The Guardian, Great Britain,2002: Occelli’s butter first prize among the 5 best butters in the world.

“ It is so good that it can even be eaten on its own”

In 2021, it also received recognition from Italian consumers, who rewarded Occelli Butter for its quality with the

 Quality Award 2021.

Two interesting things about butter: it seems that its first users were the Indians; in the past, its use went beyond the purely culinary: butter was also used to protect ships, as a skin care product and as a power source for lamps.

Then,  interesting is the use of butter by the Tibetans, who used it during their sacred hymns to propitiate gods by offering them barley fried in butter, as well as melting it in tea to obtain an energy drink.

Did you know that also Julius Caesar was impressed by the goodness of butter?

It happened during a celebration on Italian soil, probably in present-day Milan, where he tasted one of his favourite foods, asparagus, cooked in butter.

But, going back to the traditions of the past, especially those of Piedmont, how was butter produced?

Obviously by hand, using a tool called Churn , also called “biròla” or “burera” in Piedmont. This is a box made of oak wood (it could also be made of aluminium or galvanised copper), fitted with a plunger, into which the cream was poured, obtained from the milk milked in the evening by farmers and shepherds and left to rise to the surface in special basins overnight for 8-12 hours; with continuous agitation of the churn plunger (for about 2 hours), butter was made. This custom was widespread in Piedmont and throughout northern Italy until the middle of the 20th century.

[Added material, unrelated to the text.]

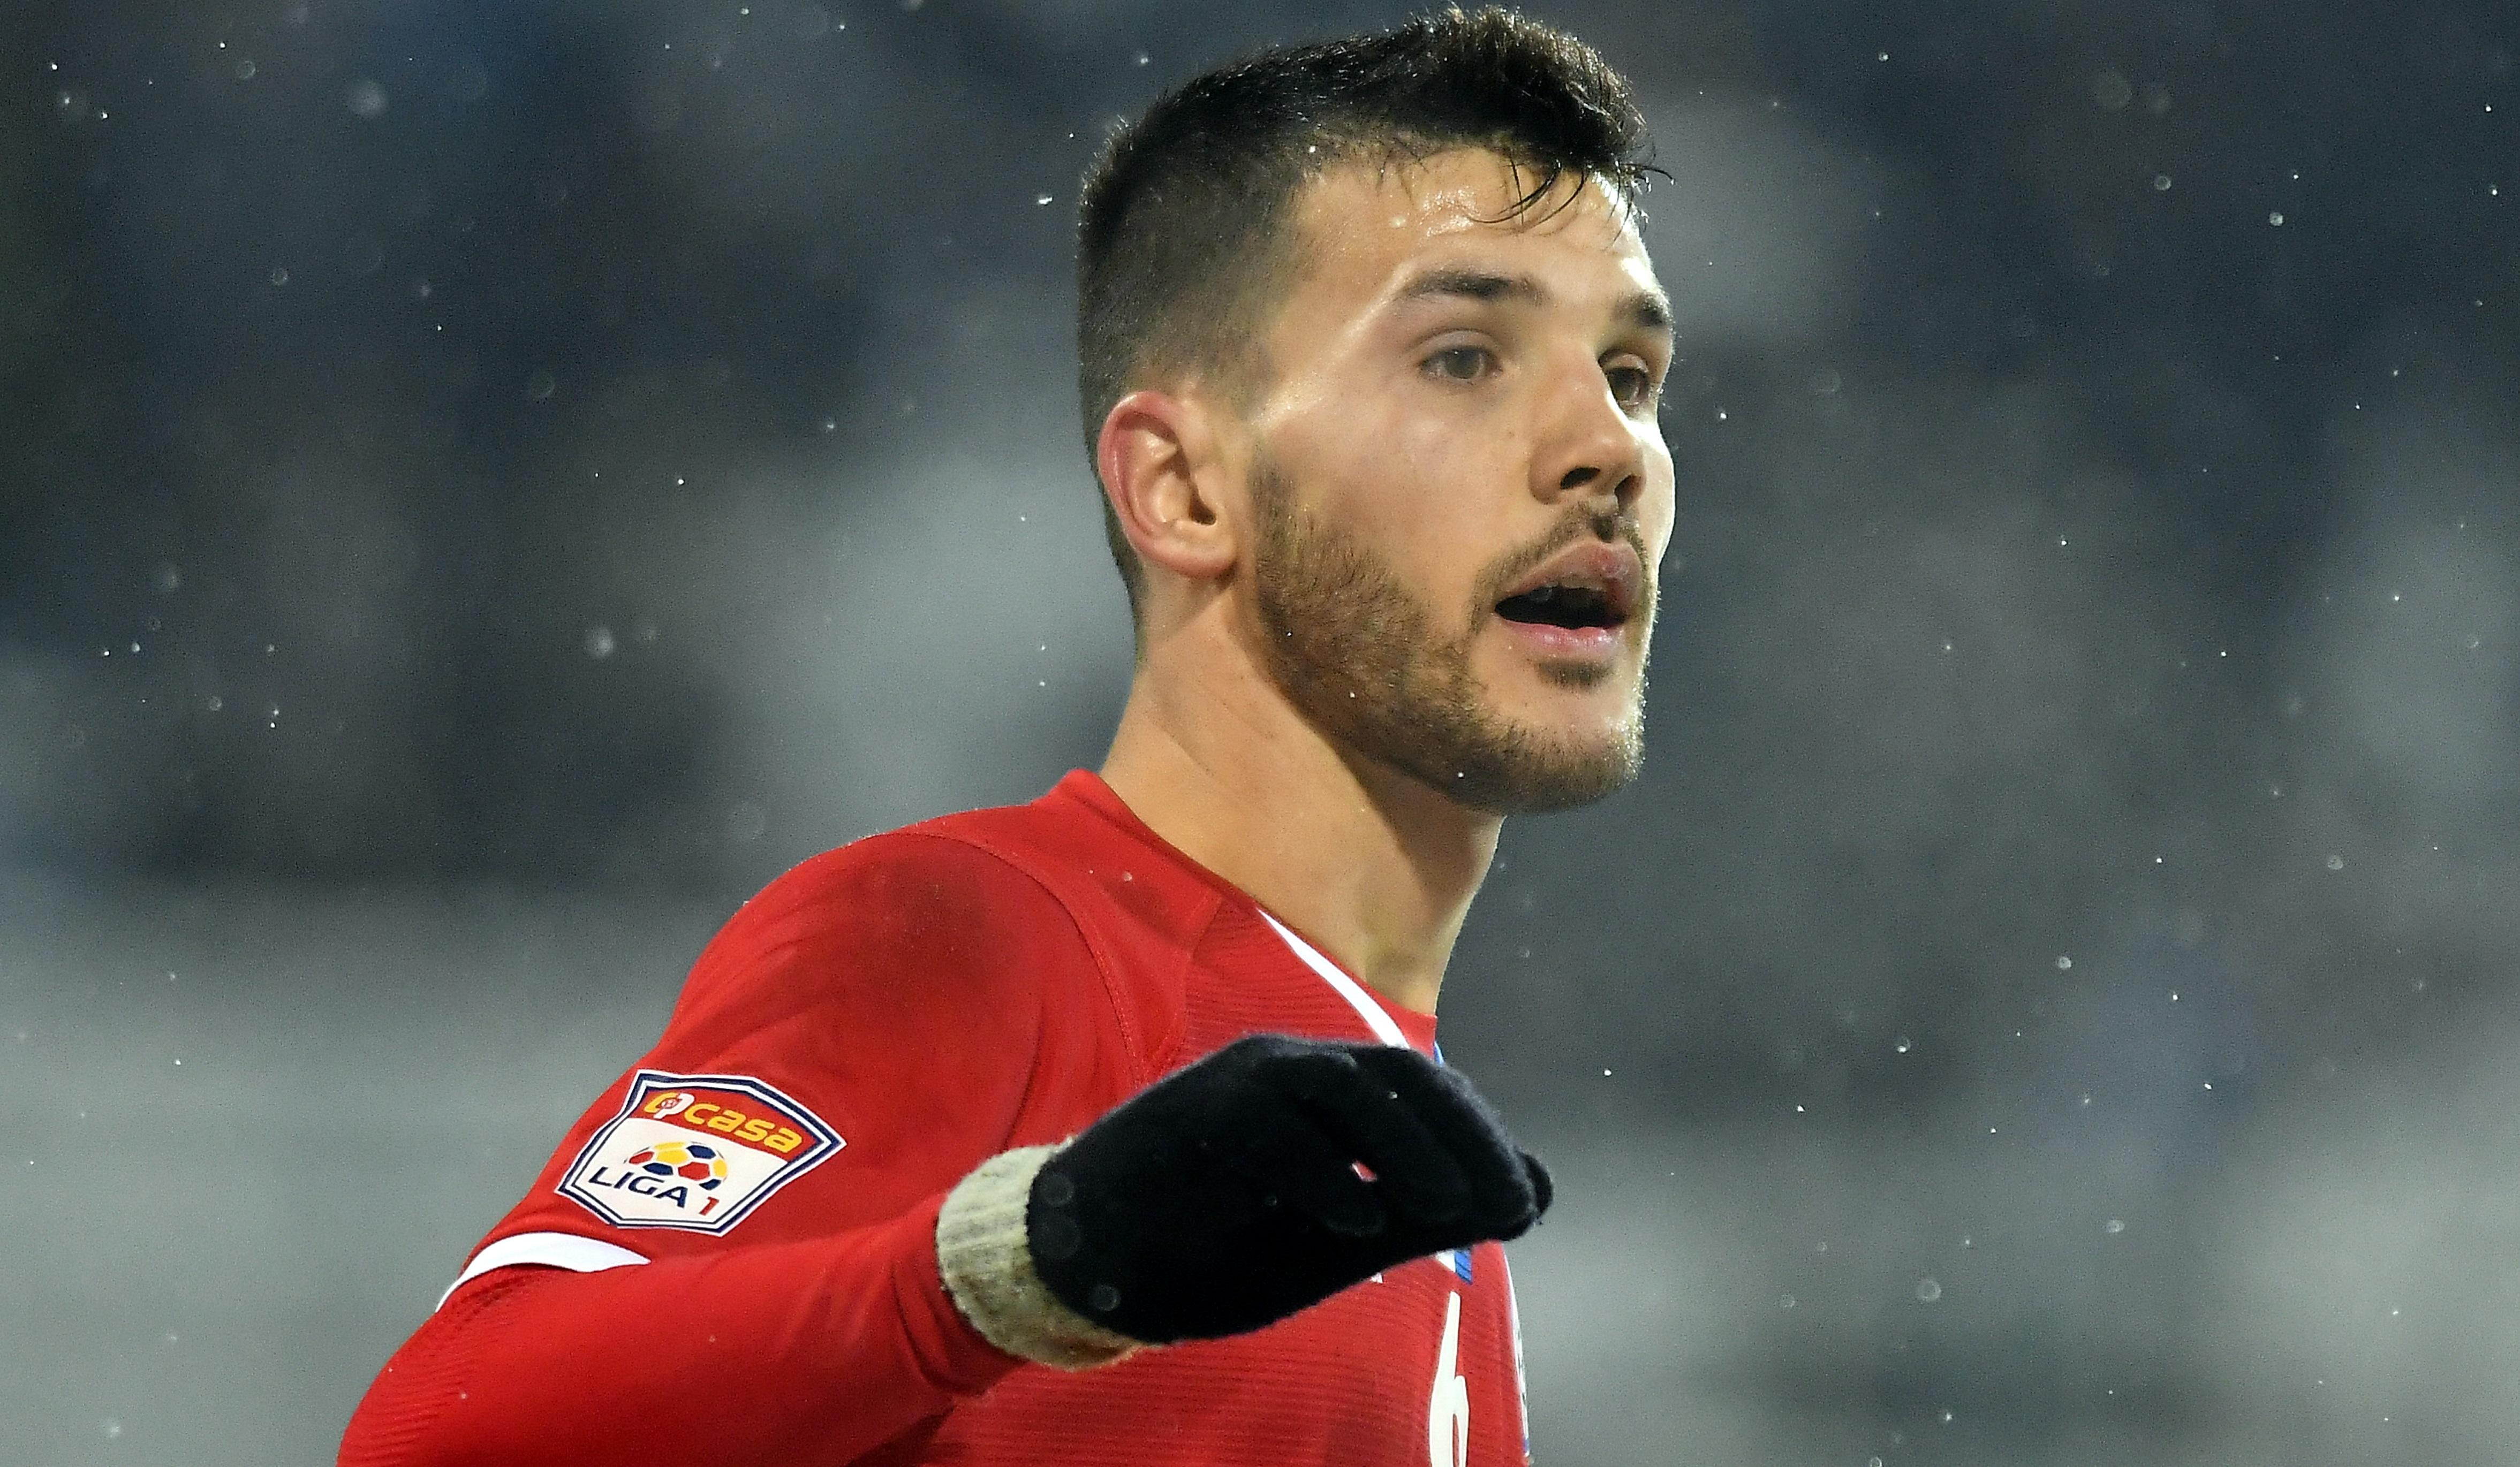 """Final de """"telenovelă""""! Chindriș pleacă în Belgia. Valeriu Iftime a confirmat: """"A fost ultimul meci pentru el la noi"""""""

But it is another ancient tradition that Beppino wanted to recover and maintain: the use of wooden casts.

In ancient times, butter sticks were shaped using wooden casts engraved with a chisel adorned with animals or flowers or expressing good wishes. Hence Beppino Occelli's famous cast with the image of a cow or edelweiss.

As you might expect, the inevitable technological progress has meant that this instrument has fallen into disuse for decades now, but this is exactly where Beppino Occelli's will and strong desire to maintain a link with the traditions and customs of the past comes in.

How?

Special attention is always paid to the quality of the raw material and then, as already mentioned, the choice of milk processing method to obtain butter, the least widespread in Italy today, but the one best suited to keeping the organoleptic properties of the product intact, i.e. the centrifuge process, preferred to the creaming process.